# Access all TTOC membership areas.



## 42BABYDOLL (Oct 17, 2012)

Hello

I am not entirely sure I am accessing all the areas on this forum or have access to them.

I was expecting to be able to see what members sell and be able to sell items myself benefitting everyone who is a member.
i.e a mini selling area.

if I am doing something wrong? can someone let me know please.
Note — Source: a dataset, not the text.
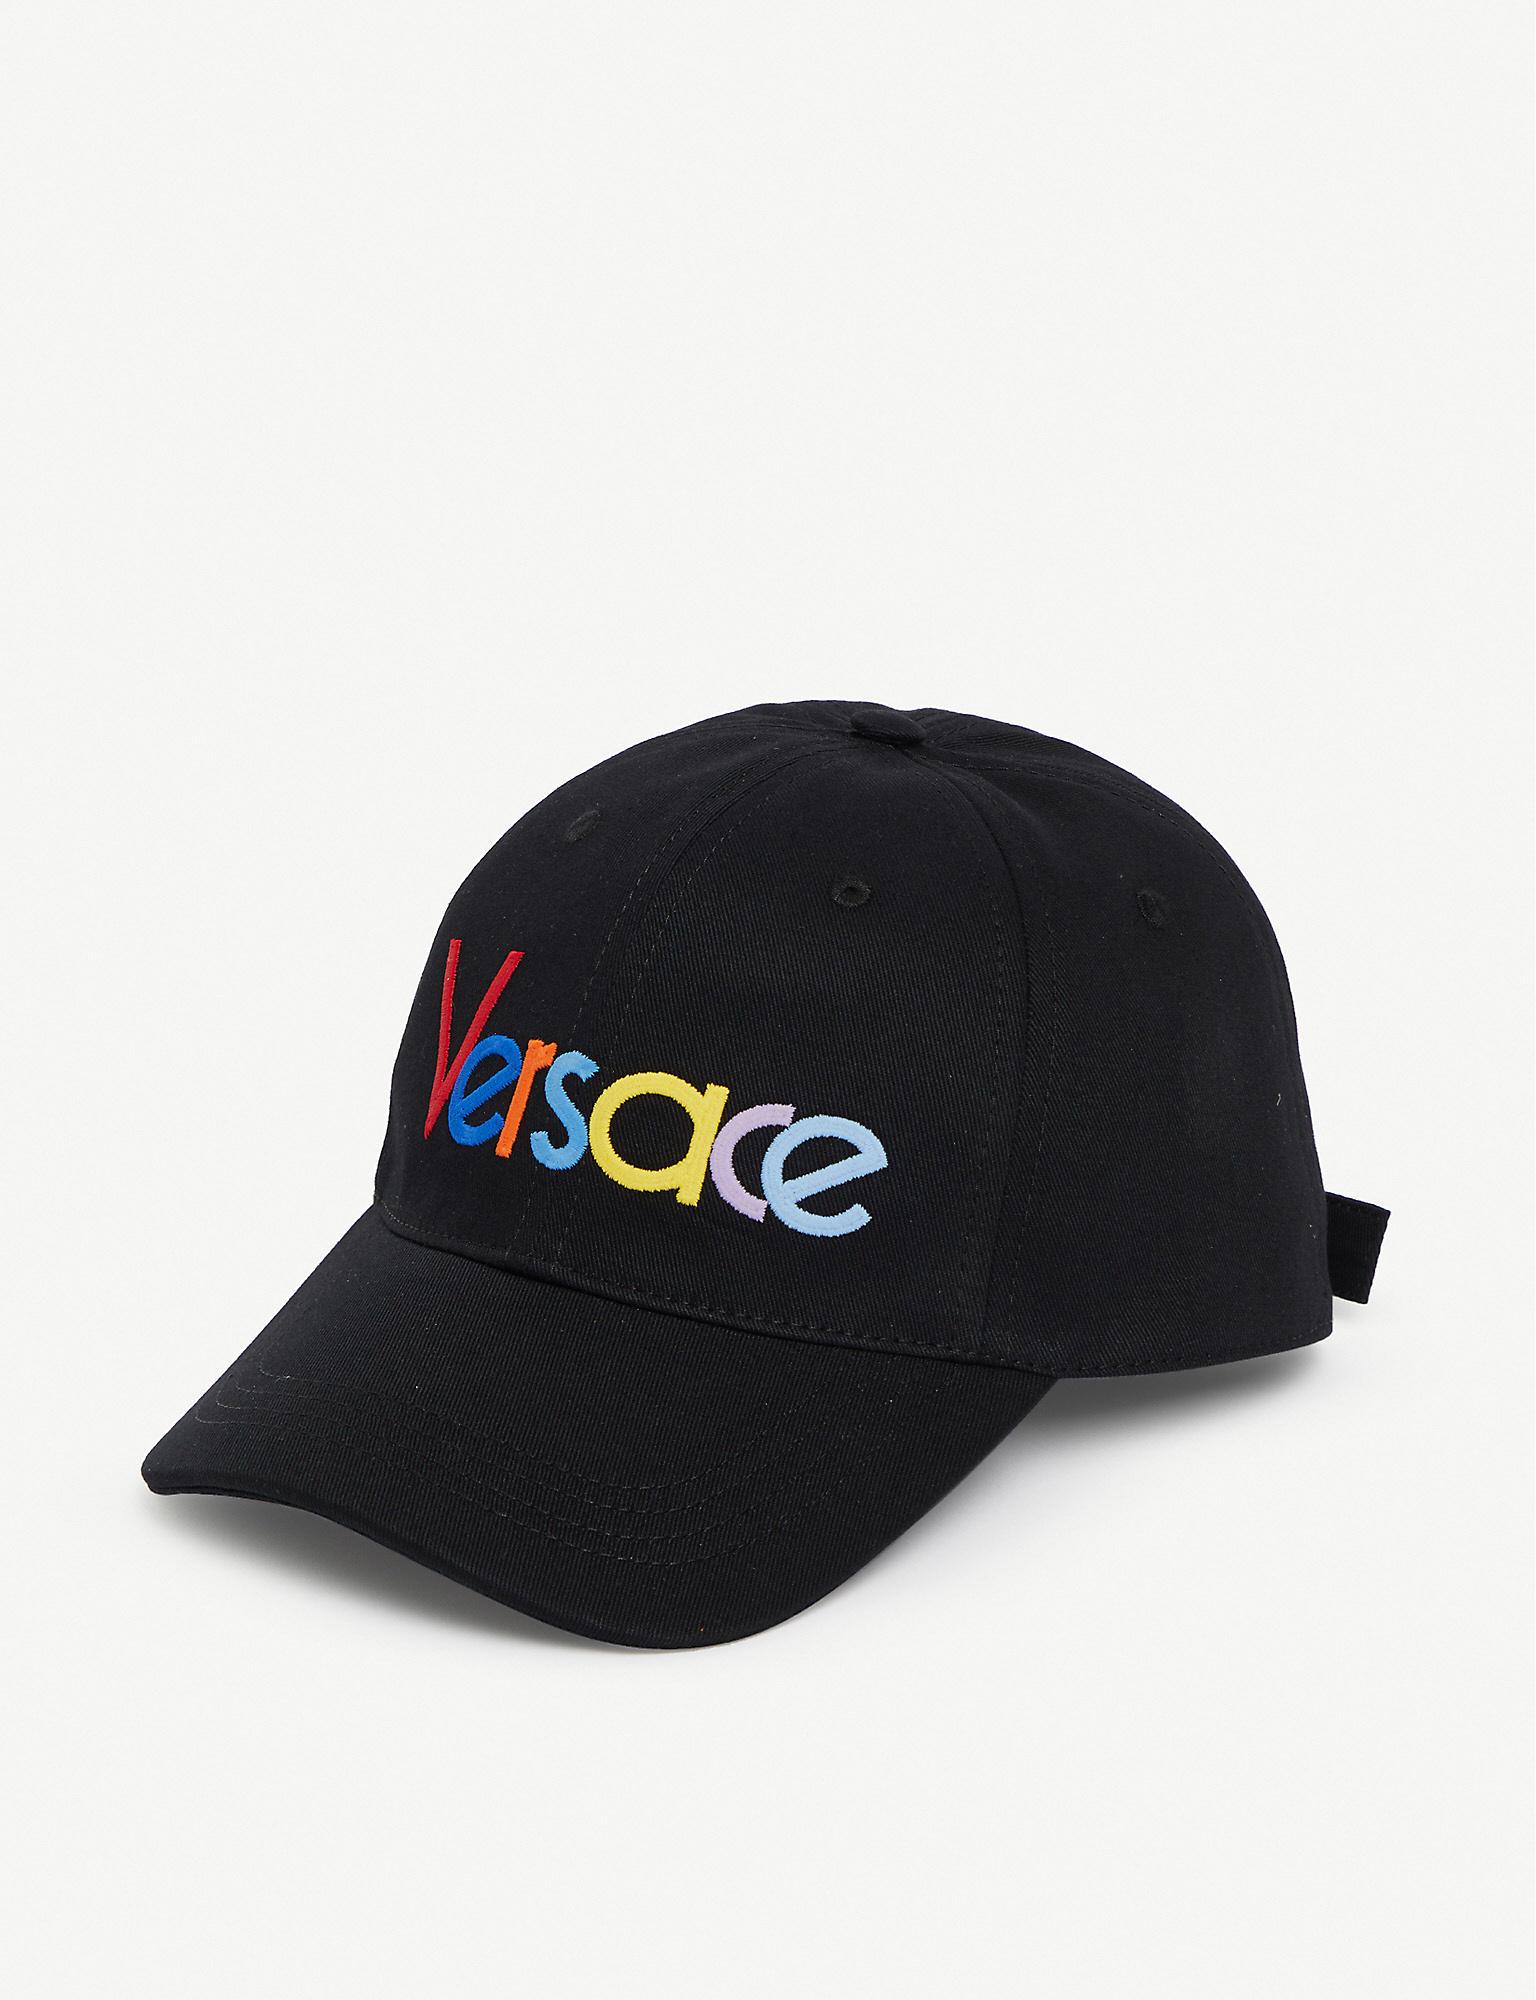 Versace Logo-embroidered Cotton Baseball Cap in Black for Men - Lyst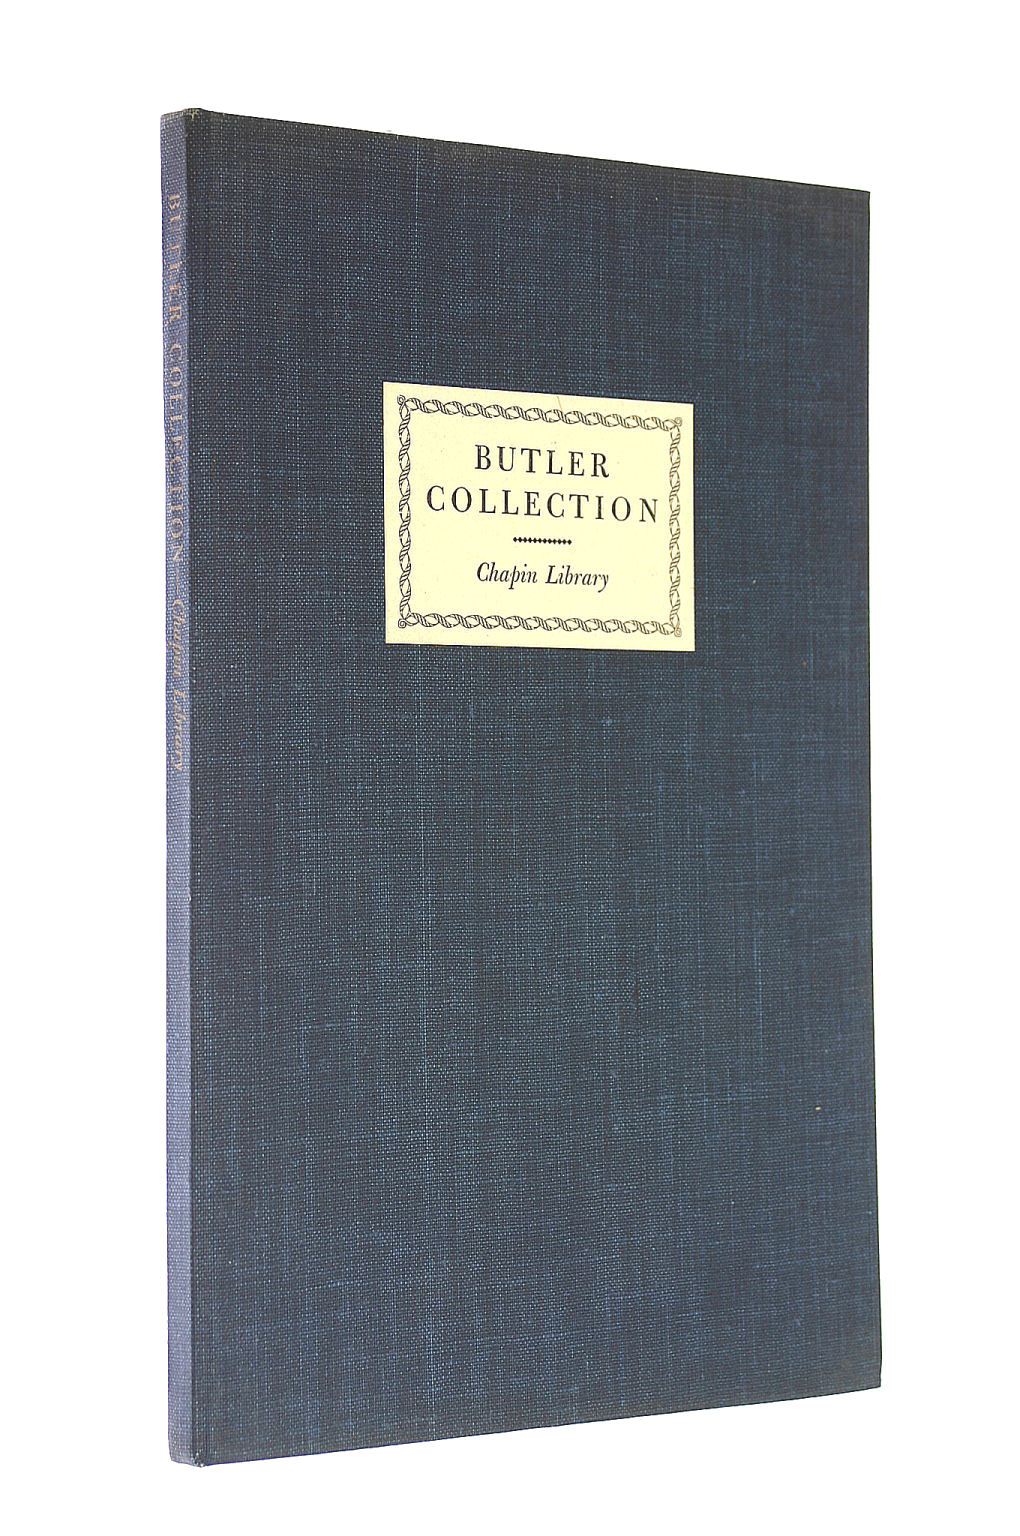 NO AUTHOR. - Catalogue Of The Collection Of Samuel Butler (Of 'Erewhom') In The Chapin Library Williams College, Williamstown, Mass.

Can someone from the top check my login the membership and posts etc to inform me of what happens next where I need to be and how long do I have to wait? if any?

Cheers John


----------



## Wallsendmag (Feb 12, 2004)

You have access to all areas on here ,there isn't any more.


----------



## 42BABYDOLL (Oct 17, 2012)

Wallsendmag said:


> You have access to all areas on here ,there isn't any more.


Far enough cheers.


----------



## Gazzer (Jun 12, 2010)

42BABYDOLL said:


> Hello
> 
> I am not entirely sure I am accessing all the areas on this forum or have access to them.
> 
> ...


hi John, click on board index and then scroll all the way down and you should see the market place. click that and it opens up other sections...........for sale and wanted etc m8. hope that helps atb gazz


----------



## 42BABYDOLL (Oct 17, 2012)

Gazzer said:


> 42BABYDOLL said:
> 
> 
> > Hello
> ...


Thankyou Gazzer

Very helpful mate,
I'm in I'm on I'm there :wink: 
Cheers John.


----------